Retype the data below verbatim; pictures do not belong in the copy.
*** GIVEN DATA ***
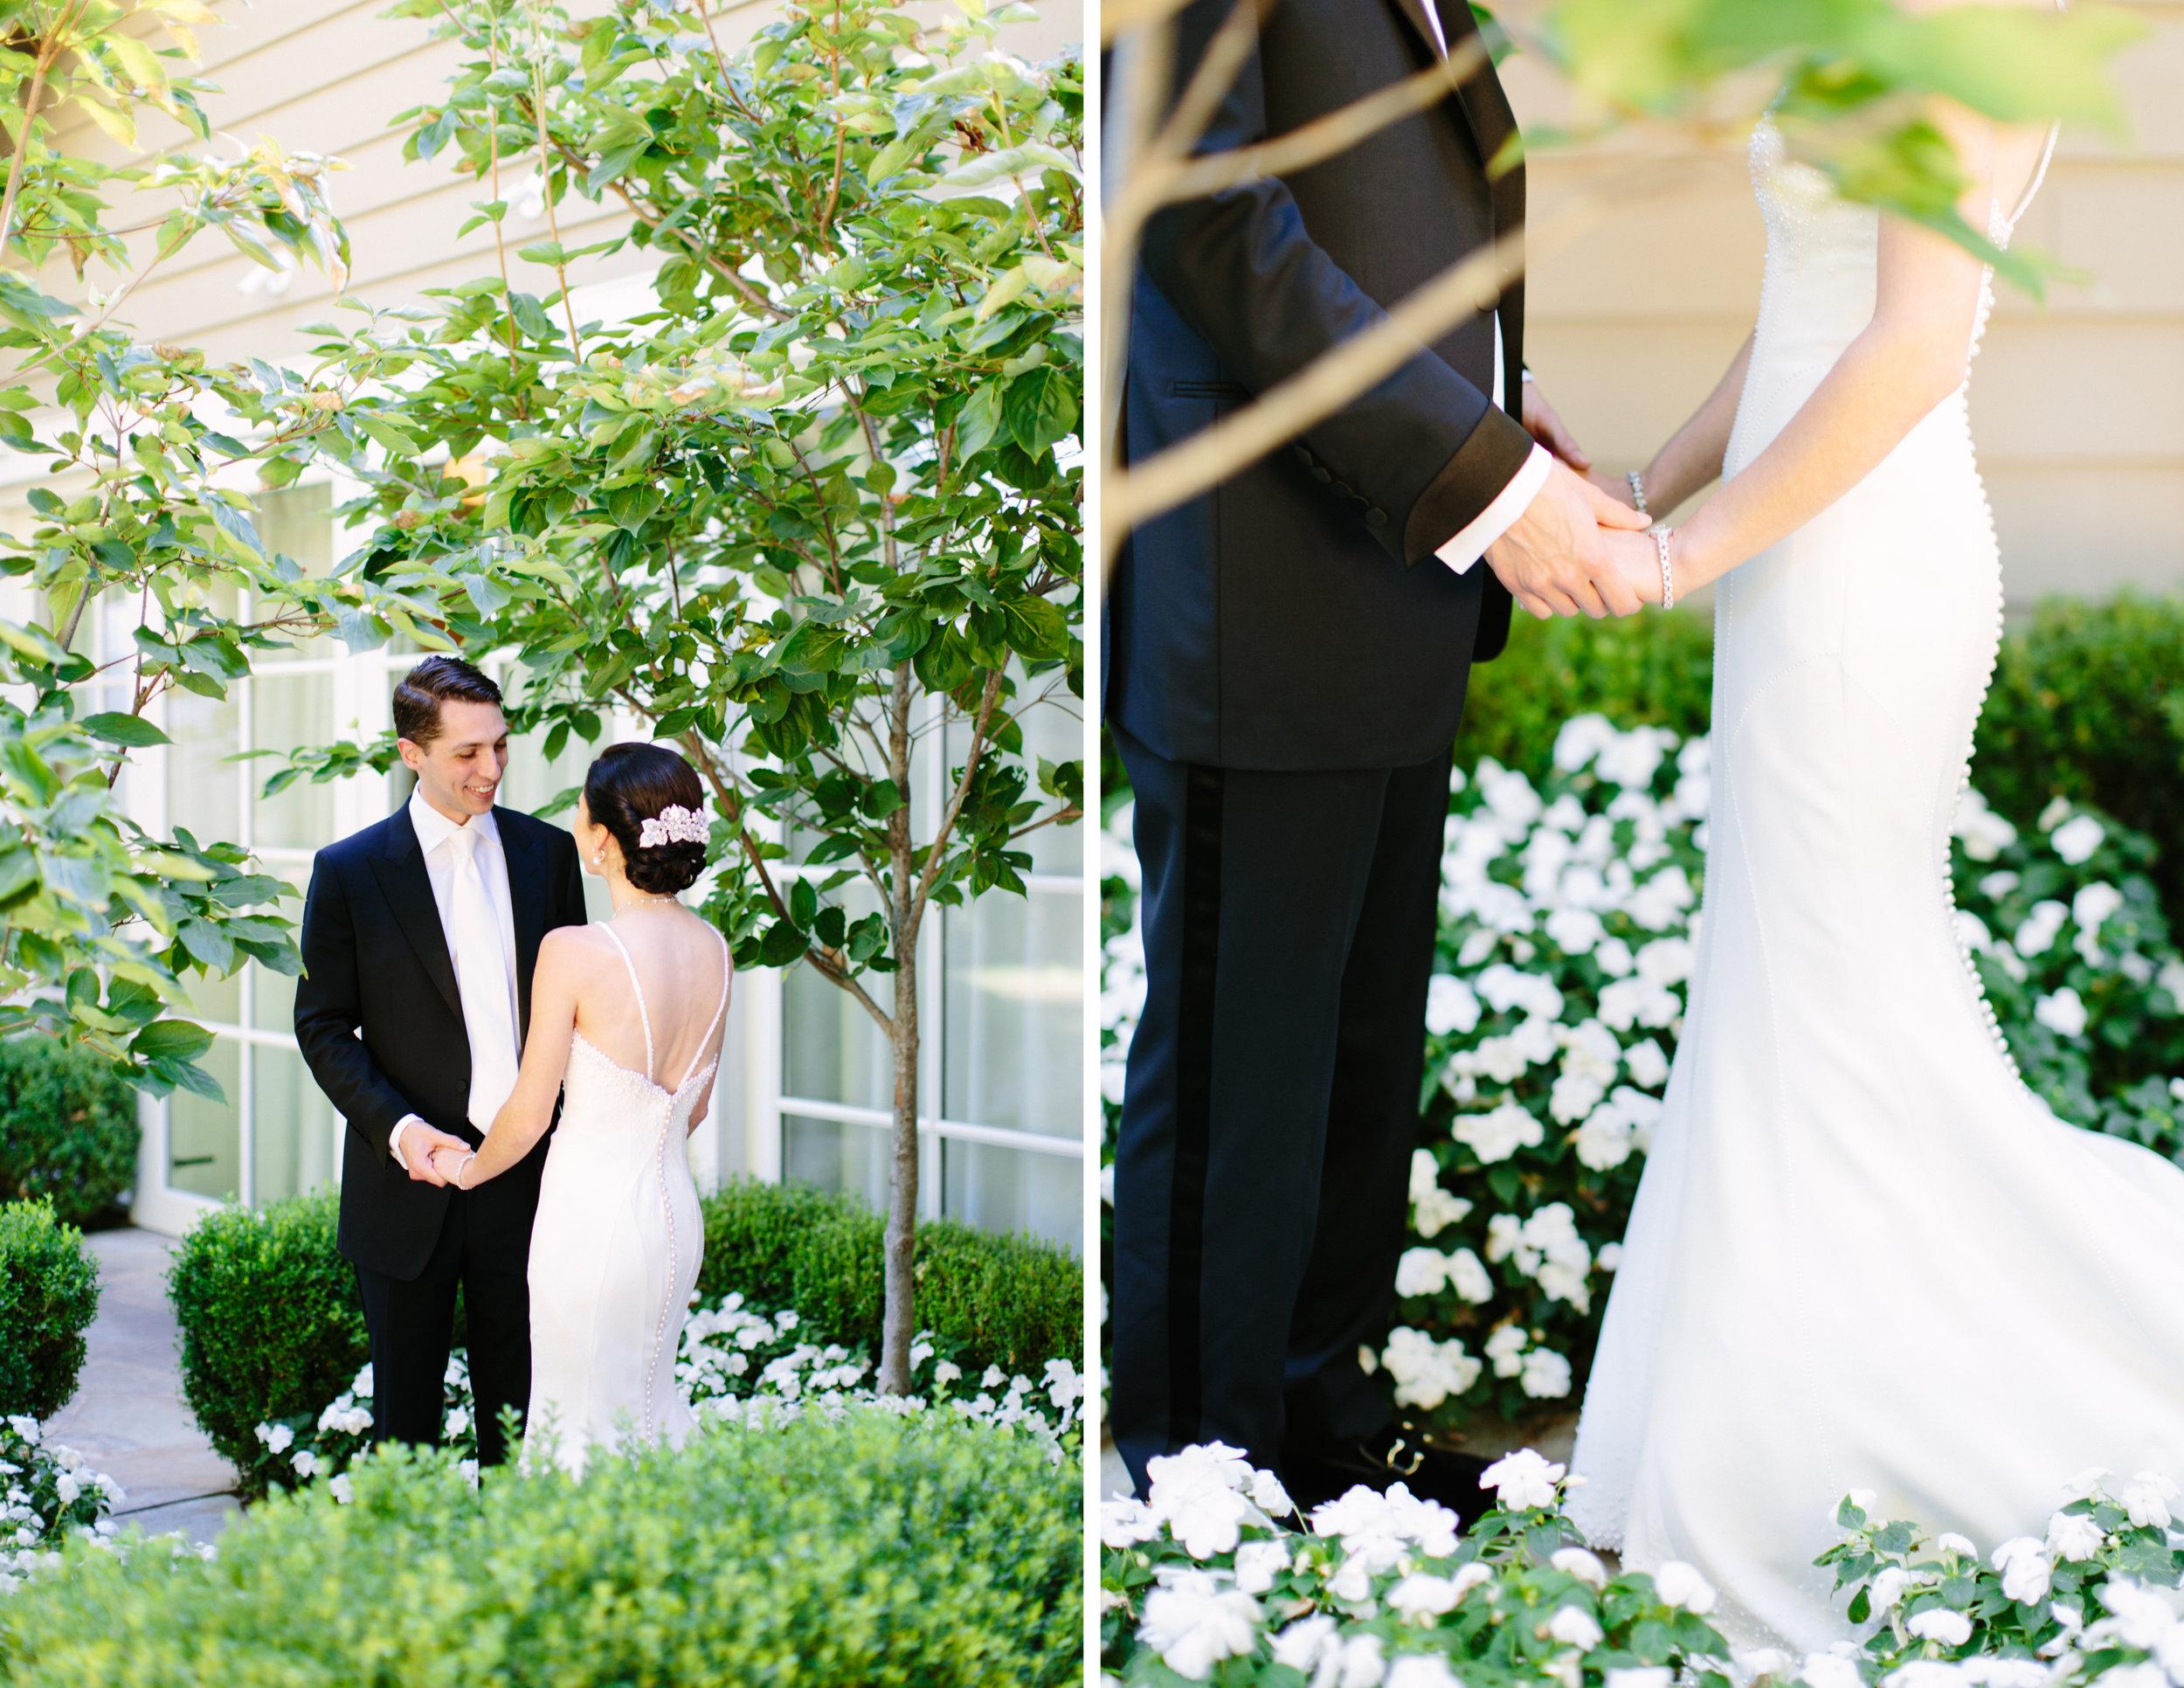 meadowood wedding 4.jpg
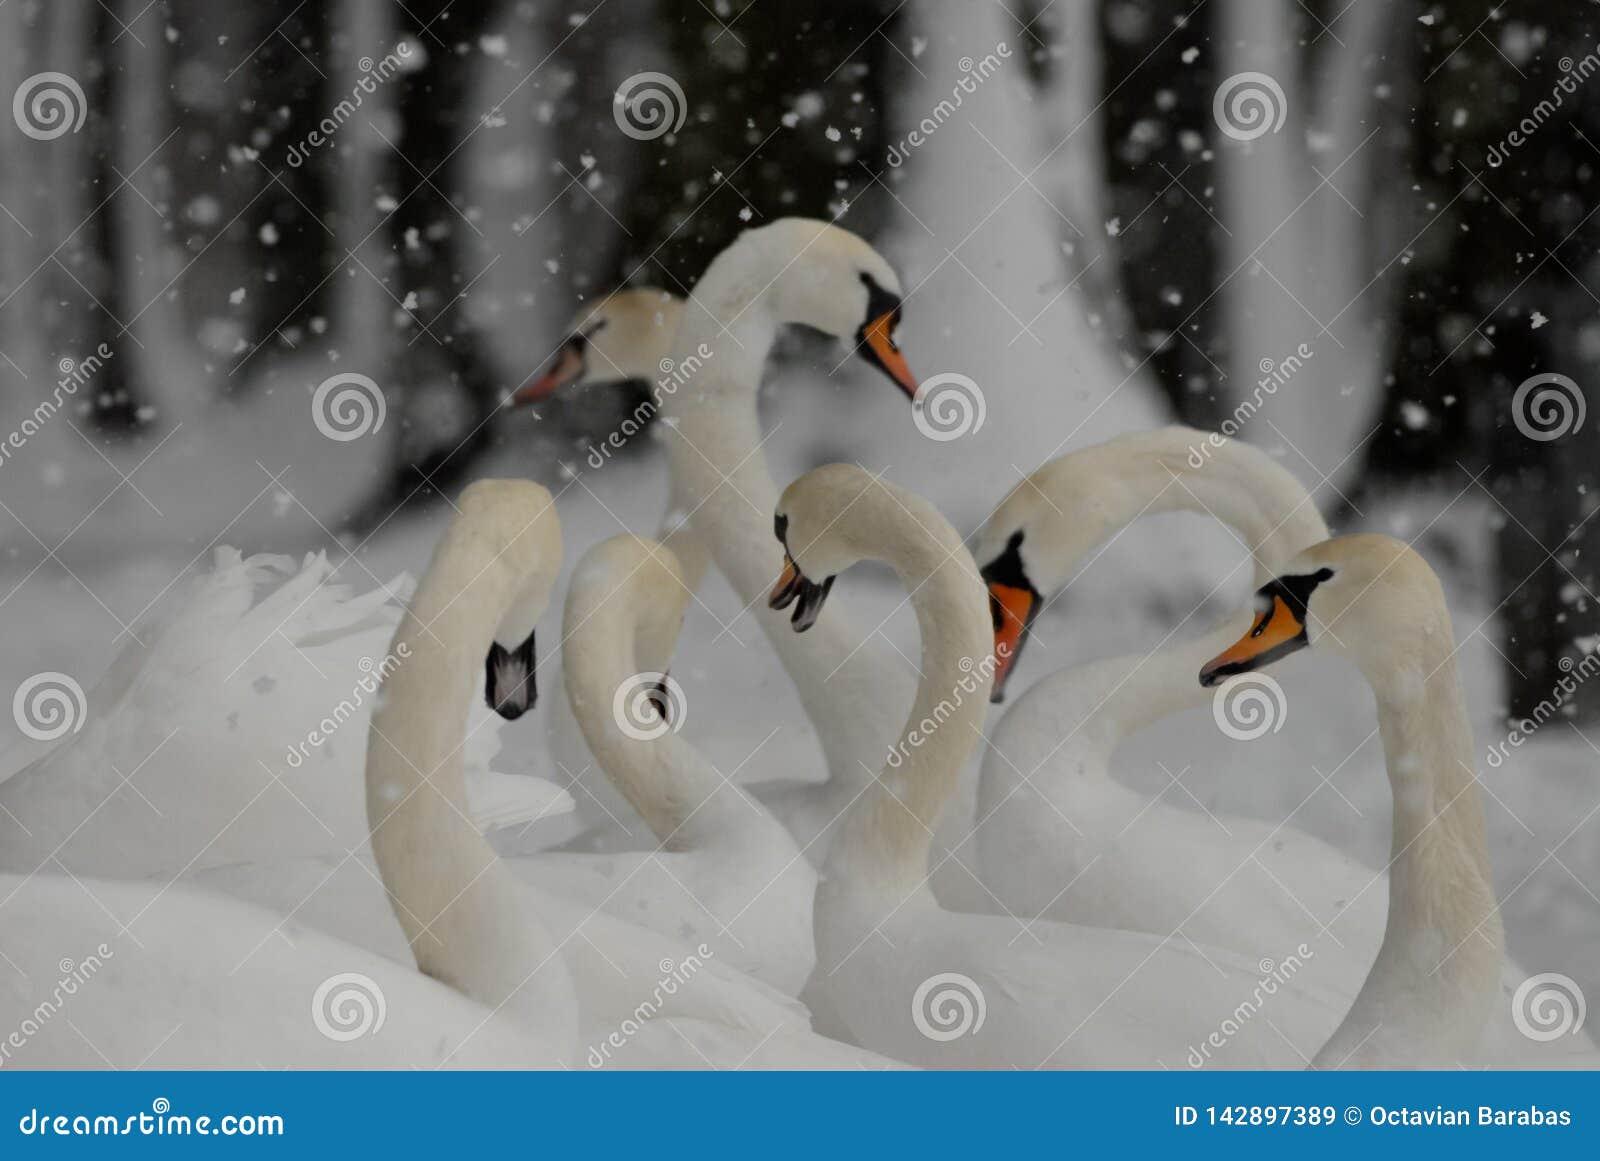 Cisnes na neve no inverno ao nevar
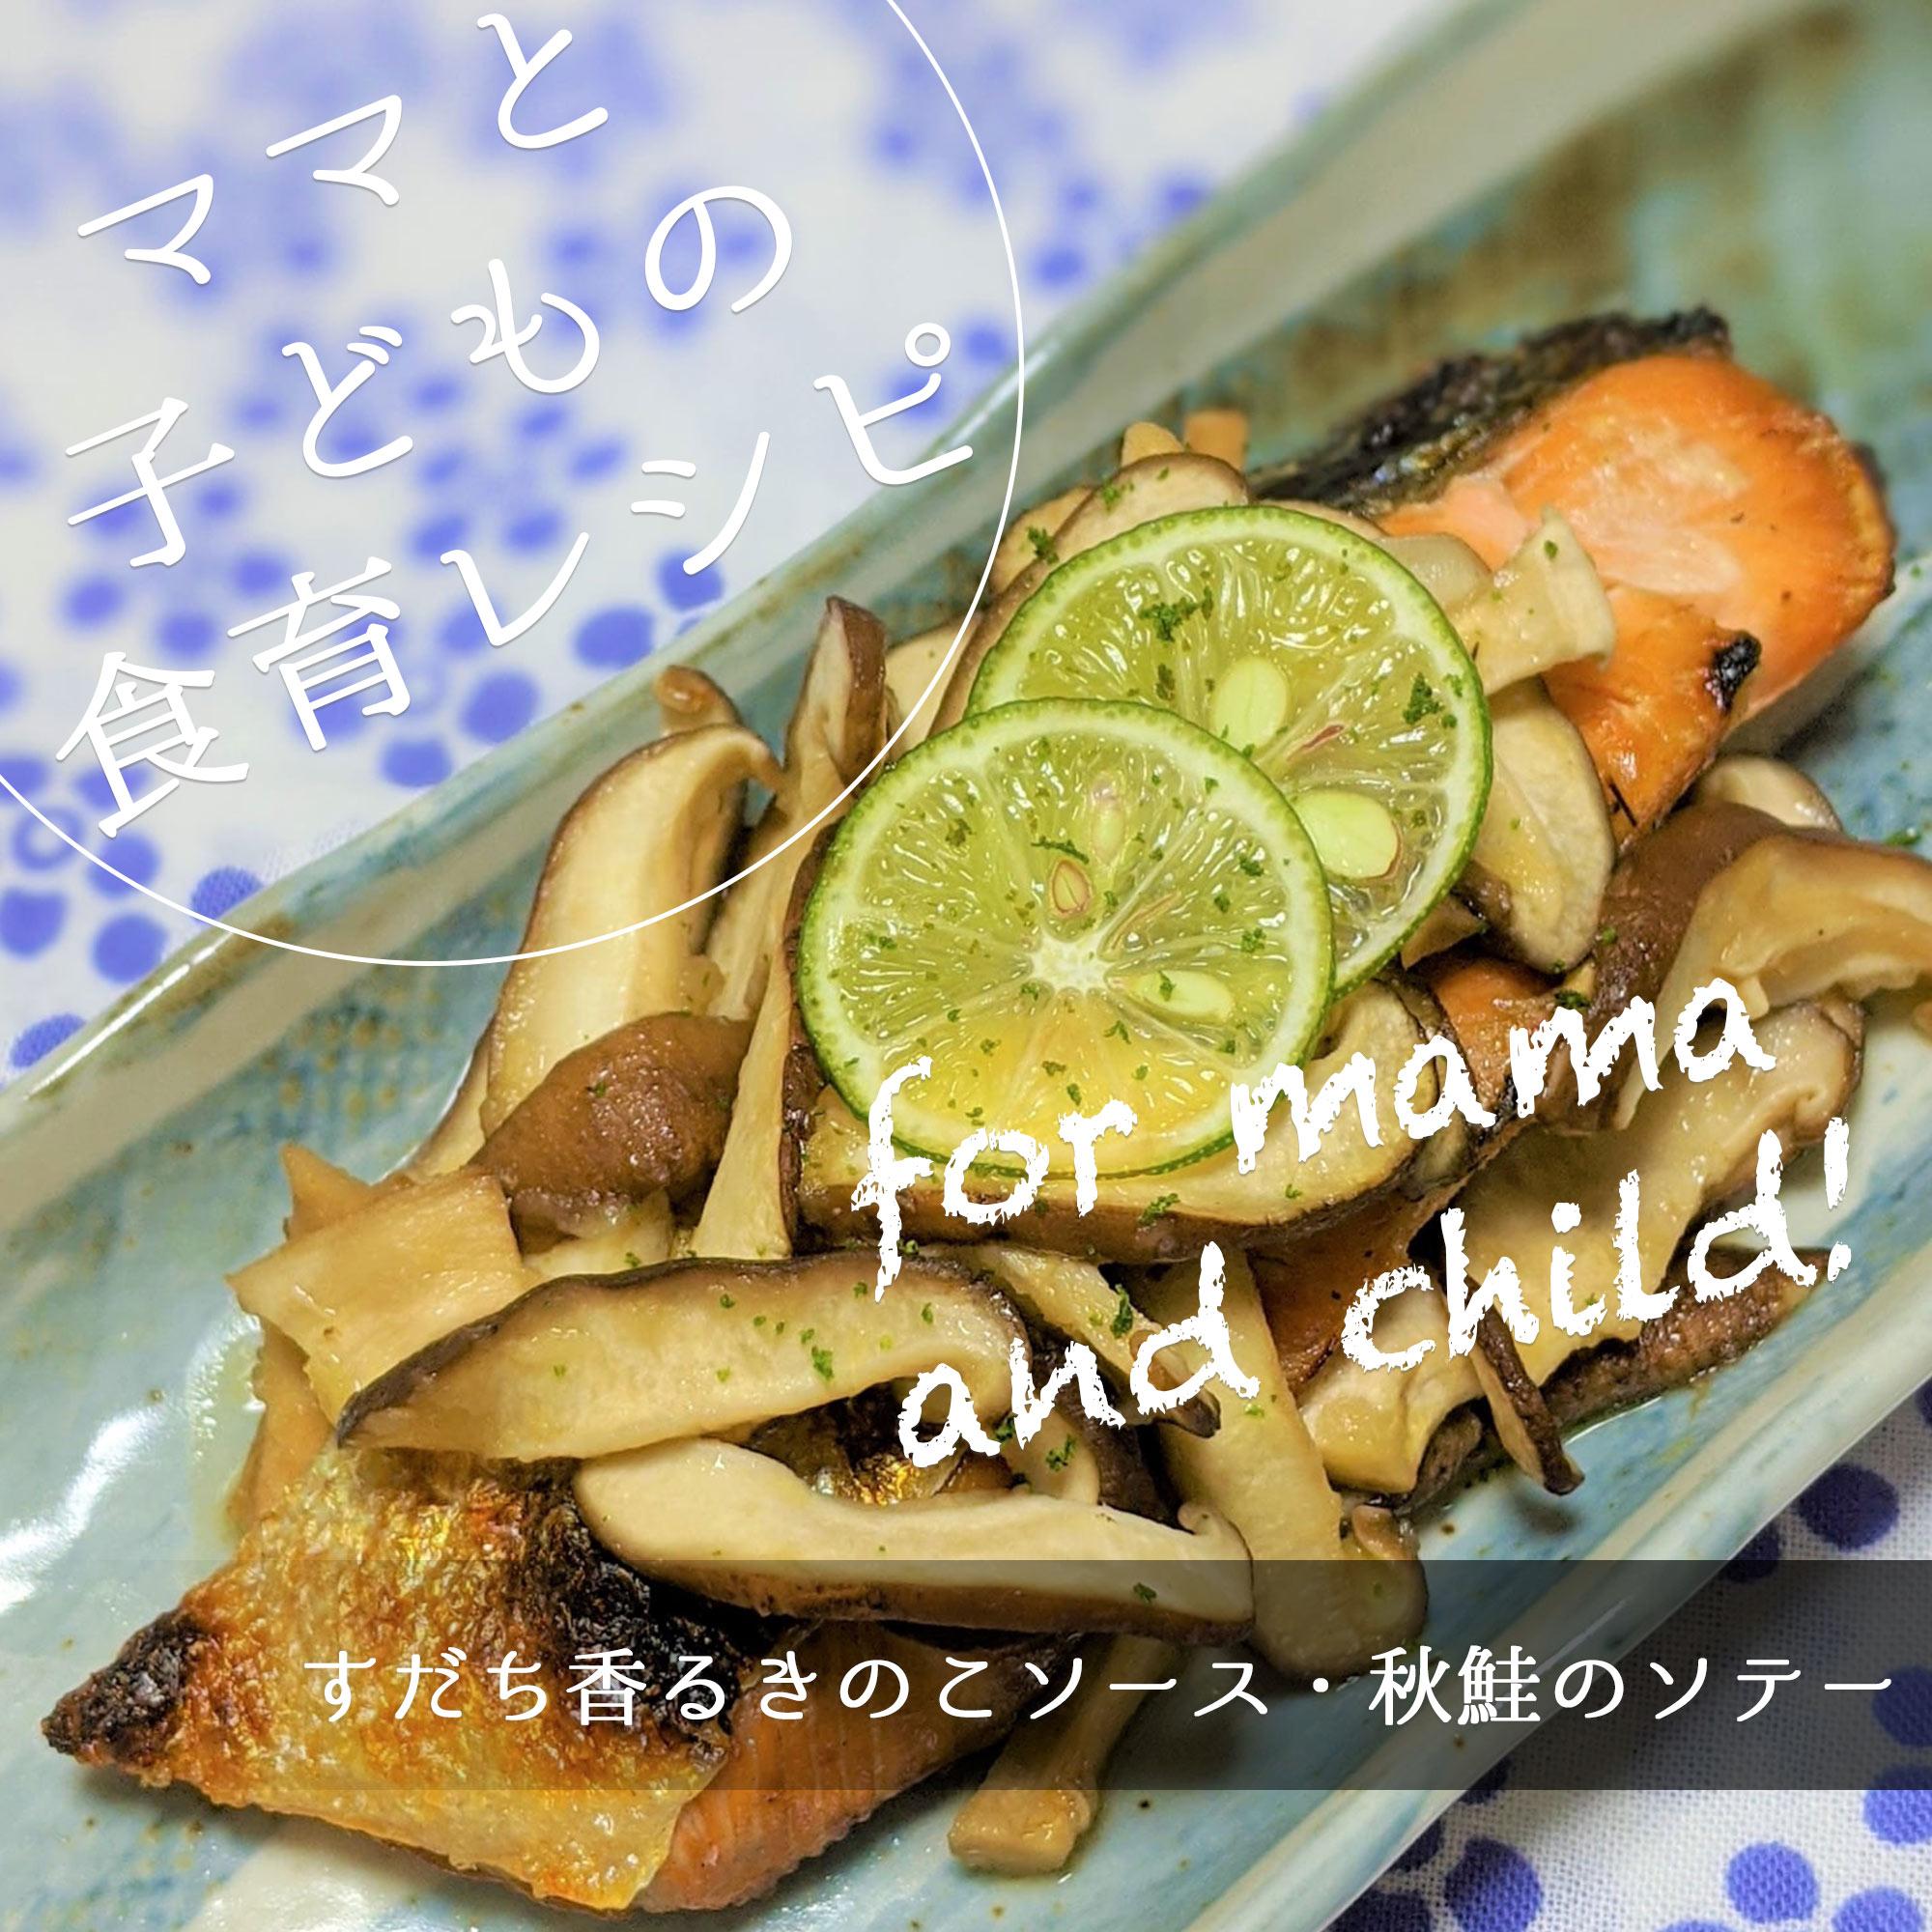 すだち香るきのこソース・秋鮭のソテー
*** End of GIVEN DATA ***
▶ ANSWER SECTION:
 meadowood wedding 4.jpg
 Cisnes na neve no inverno ao nevar
 すだち香るきのこソース・秋鮭のソテー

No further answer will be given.